Nesta segunda-feira, o ministro da Fazenda, Guido Mantega, proferiu o mesmo 'termo apocalíptico' e foi parar nas manchetes dos principais meios de comunicação. Na edição de terça do Financial Times, uma reportagem atribuía a Mantega a 'coragem' de ter explicitado ao mundo a manjada manobra econômica de desvalorização do câmbio para estimular as exportações - modelo que tem sido adotado por alguns países da Ásia nos últimos meses.

Outro fator que motivou a frase foi o fato de o Banco Central do Japão (BoJ), que não intervinha no valor de sua moeda há mais de seis anos, ter vendido 2 trilhões de ienes (ou 23 bilhões de dólares) no início do mês para conter sua alta.

Para os especialistas ouvidos pelo site de VEJA, a frase de Mantega, nesse contexto, é simbólica e foi dita em momento pertinente. No entanto, o ministro exagera ao colocar o problema como uma 'guerra cambial internacional', na qual o Brasil e o real desempenhariam papeis de protagonistas.

Nos últimos doze meses, enquanto o real se valorizou cerca de 5% sobre o dólar, a moeda australiana teve alta de 11% e o peso mexicano subiu 8,17%. Já o dólar canadense registrou apreciação de 6,3%. "Não existe nenhuma guerra. Há uma valorização sistêmica nos países exportadores de commodities. E o Brasil faz parte desse grupo", afirma o economista Nathan Blanche, sócio da Tendências Consultoria.

A verdadeira 'guerra cambial' continua a ser a velha desavença entre EUA e China a respeito dos valores de suas moedas – que, a propósito, ganhou ainda mais força nos últimos anos após a eclosão da crise financeira gestada em Wall Street e que se espalhou pelo planeta. "Se a China fizer uma intervenção que valorize o iuane, poderá trazer certo reequilíbrio ao sistema cambial mundial", afirma Robert Wood, analista sênior para América Latina da Economist Intelligence Unit (EIU).


Segundo o economista, qualquer intervenção de curto prazo feita pelo Brasil para conter a alta do real não deverá surtir efeito no panorama global - e tampouco se sustentará no mercado local por conta do aquecimento econômico da economia doméstica. "As moedas de países exportadores de commodities flutuam em relação ao preço desses produtos.
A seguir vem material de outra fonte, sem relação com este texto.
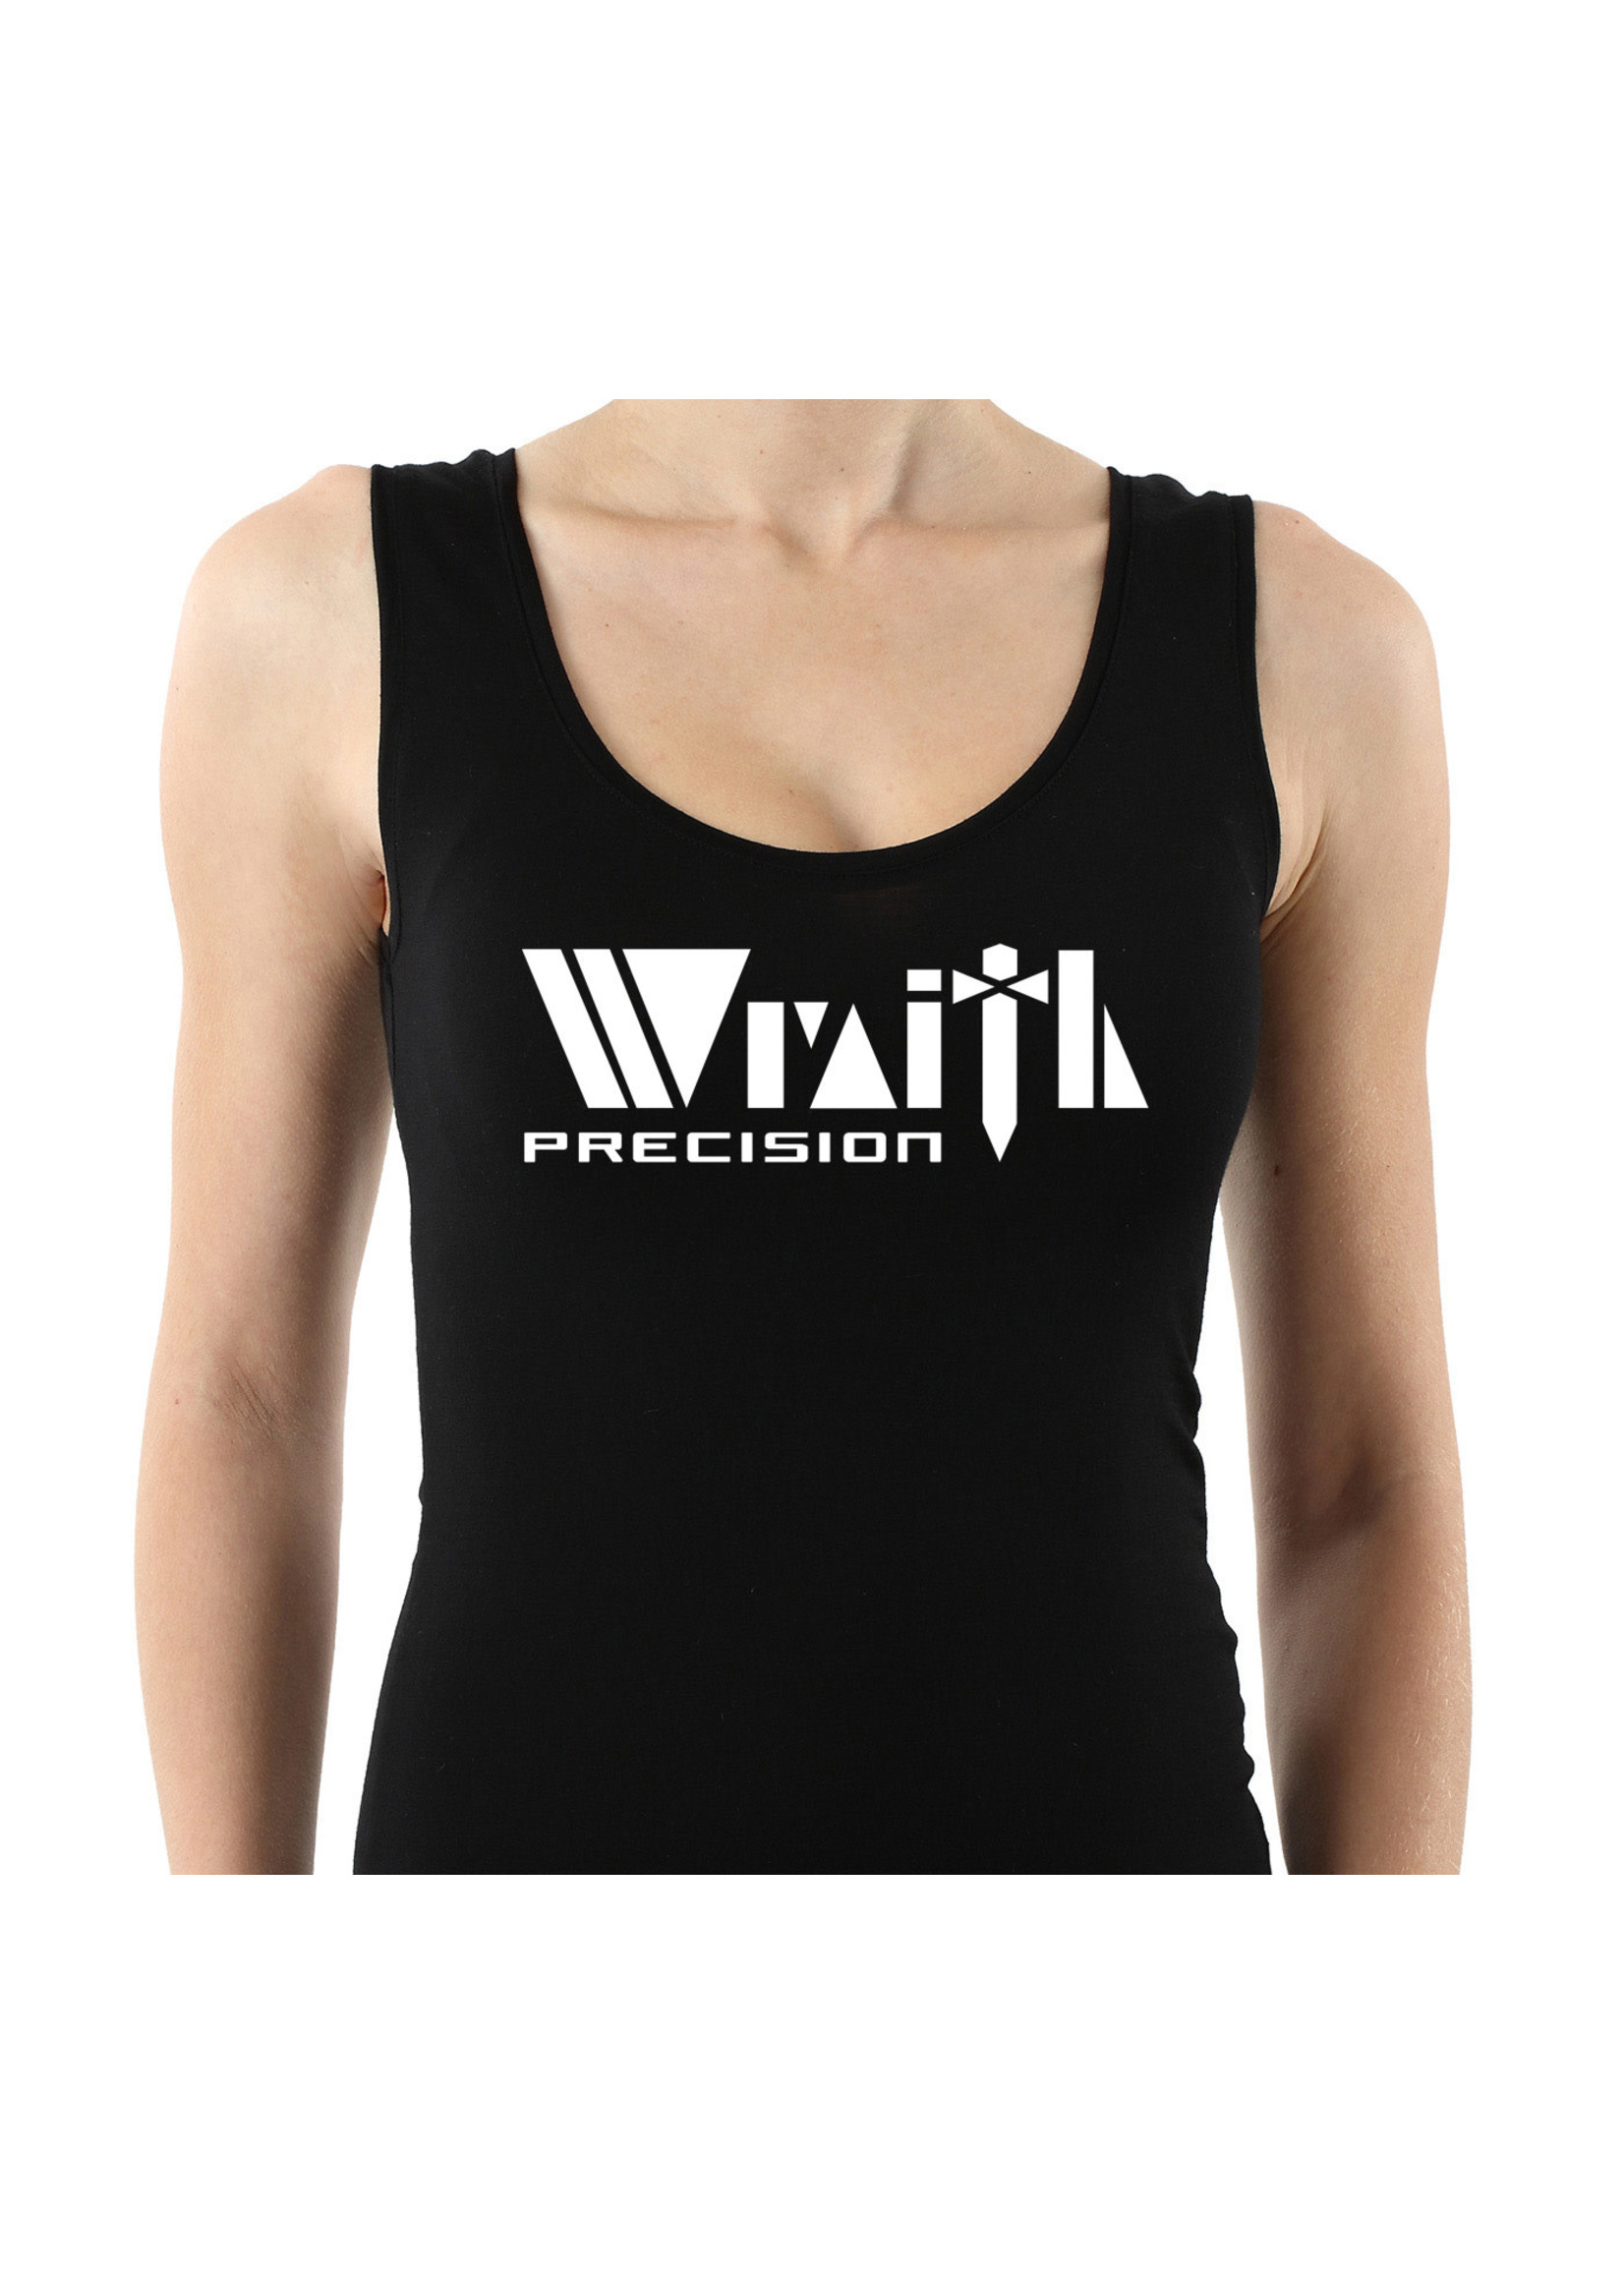 Wraith Precision Wraith Precision Women's Tank Top
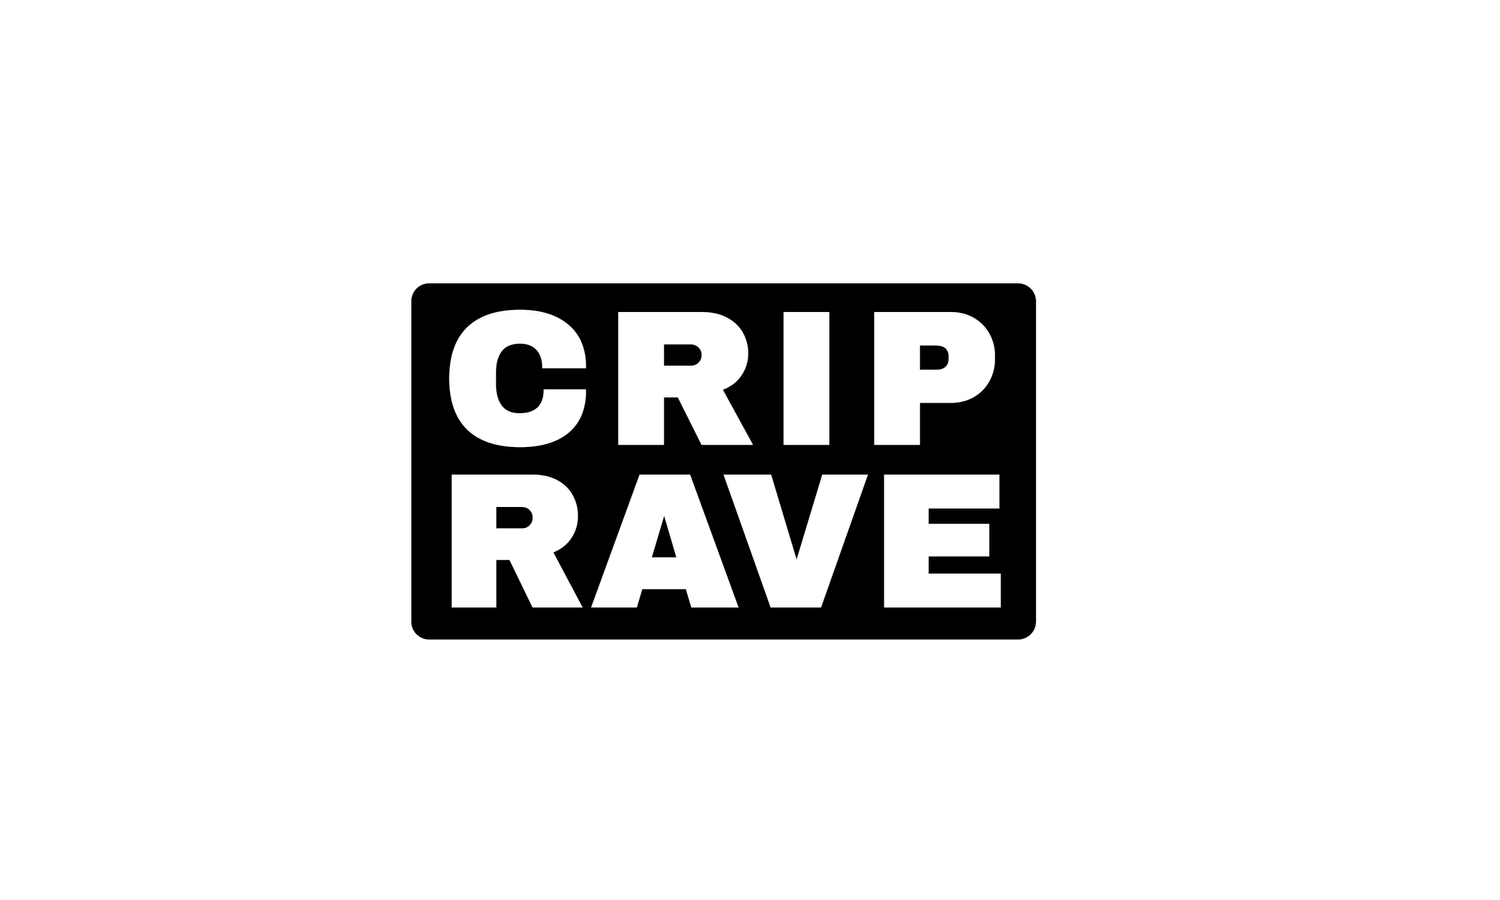 Crip Rave

Enquanto a China crescer, essas moedas permanecerão fortes", afirma Wood.

Para os especialistas, medidas de curto prazo - como o possível aumento do Imposto sobre Operações Financeiras (IOF), cogitado nesta terça-feira por Henrique Meirelles, presidente do Banco Central - deveriam ser substituídas por estratégias de longo prazo, que estimulem a competitividade dos produtos brasileiros.

Taxar ainda mais o capital externo para inibir a procura pelo real por parte dos investidores estrangeiros seria uma alternativa a ser evitada. "É preciso abrir mais a economia, reduzir a carga tributária e melhorar a logística do país. E isso não é novidade para o governo", afirma Blanche.

Fundo Soberano
Lançar mão de um fundo soberano para, entre outros atributos, equilibrar o câmbio, seria uma das alternativas sustentáveis do governo. Após utilizar o Fundo Soberano do Brasil (FSB) para receber ações da Petrobras que estavam em poder da Caixa Econômica Federal e do Banco Nacional de Desenvolvimento Econômico e Social (BNDES), o Ministério da Fazenda anunciou que poderá usá-lo para comprar dólares e, assim, tentar conter a valorização do real. "Um fundo soberano deve servir para beneficiar o país, e não para comprar ações da Petrobras e fazer operações com BNDES", afirma Blanche, citando o exemplo do Chile como um bom modelo a ser seguido.

No início do ano, quando regiões inteiras do país foram devastadas por um terremoto, o governo da ex-presidente Michelle Bachelet anunciou que parte dos 14,7 bilhões de dólares dos dois fundos chilenos seria usada na reconstrução das áreas afetadas.

No Chile, os fundos soberanos investem em papeis governamentais (como títulos do governo) com o objetivo de acumular recursos para investimentos locais. Não há investimentos em empresas de capital privado. O país é o principal produtor de cobre do mundo e guardou em seus fundos os recursos oriundos do tempo em que o preço do cobre atingiu seu auge, antes da crise financeira.